You are going to have two kinematic equations with distance as a function of time, and you want where they intersect. You will will probably end up with two answers, which means that one won't make sense and should be thrown out.
 
I used to have one but I have no clue where it is at anymore. We aren't aloud to have them in this class so I have kinda lost track of it while I was moving.
 
Well, your first equation looks okay if you put the time parameter back in.

What does the second one look like?
 
I actually figured it out today right after class (guess it got me in the right type of mode to do it). Sometimes I just don't look at them the way I should be.
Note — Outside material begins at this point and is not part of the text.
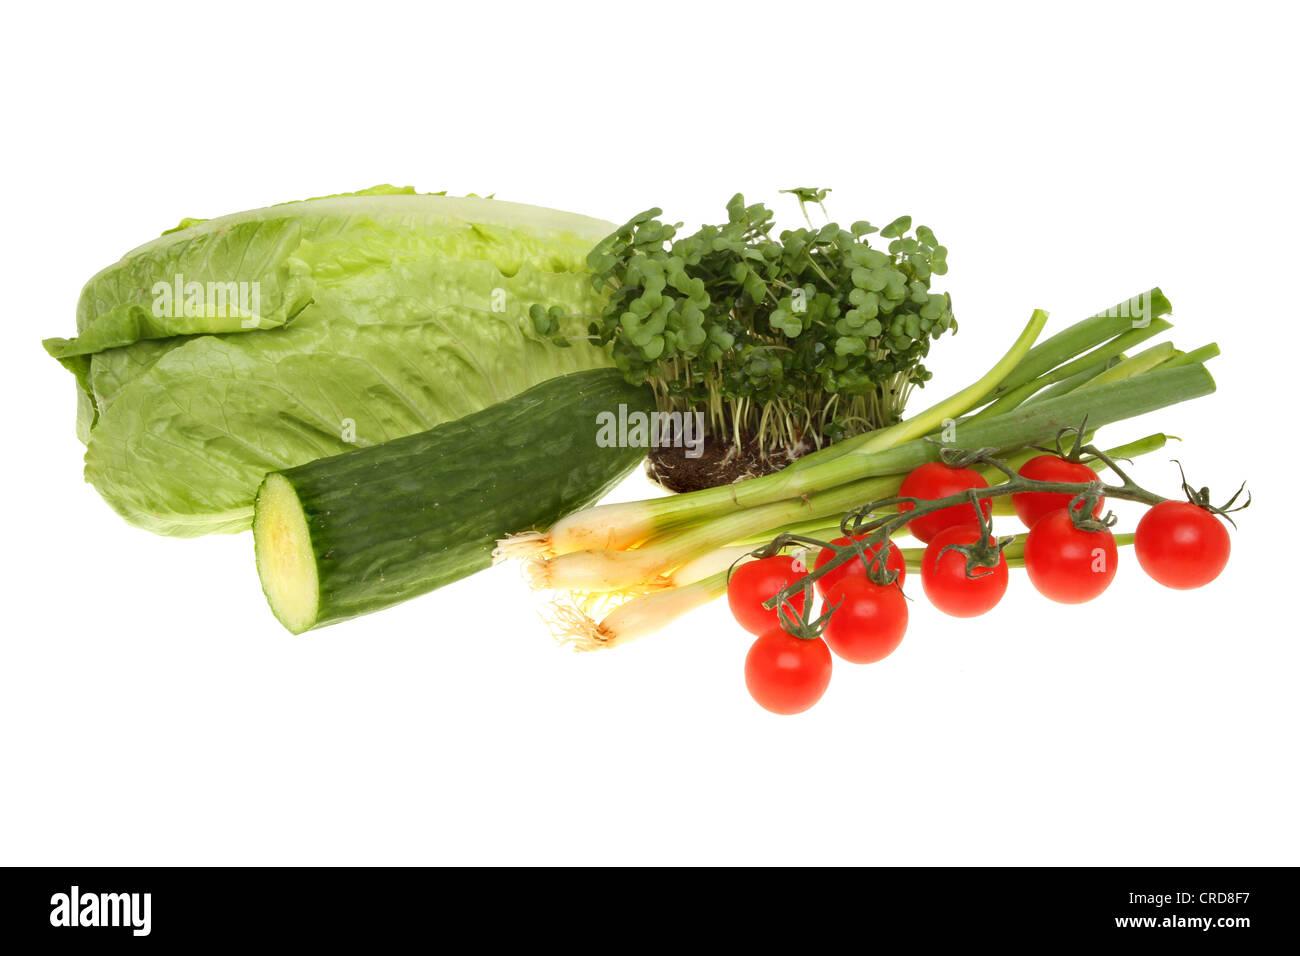 Salatzutaten, Kopfsalat, Kresse, Gurken, Tomaten und Zwiebeln isoliert gegen weiß Stockbild

But what I ended up doing is plugging in 19 m/s for v, -9.8 for g (a) and 0.97 in for t into the equation
v = v0 + at
This gave me the answer of the velocity being 9.494 m/s when the ball is at 0.97 s and 13.82 m.
Next, I plugged these numbers into the eqation
x = x0+ v0t + 0.5at^2
and set this equal to the other side. this ended up looking like
13.82 + 9.494t + 0 = 0+ 31t+ 0
solving for t I got 0.643 s.

finally, I plugged all these numbers I solved for into
x = x0 + v0t +0.5at^2
this looked like
13.82 + 9.494 (0.643) + 0.5 (-9.8) (0.643)^2
The final answer ended up being 17.9 m.

=)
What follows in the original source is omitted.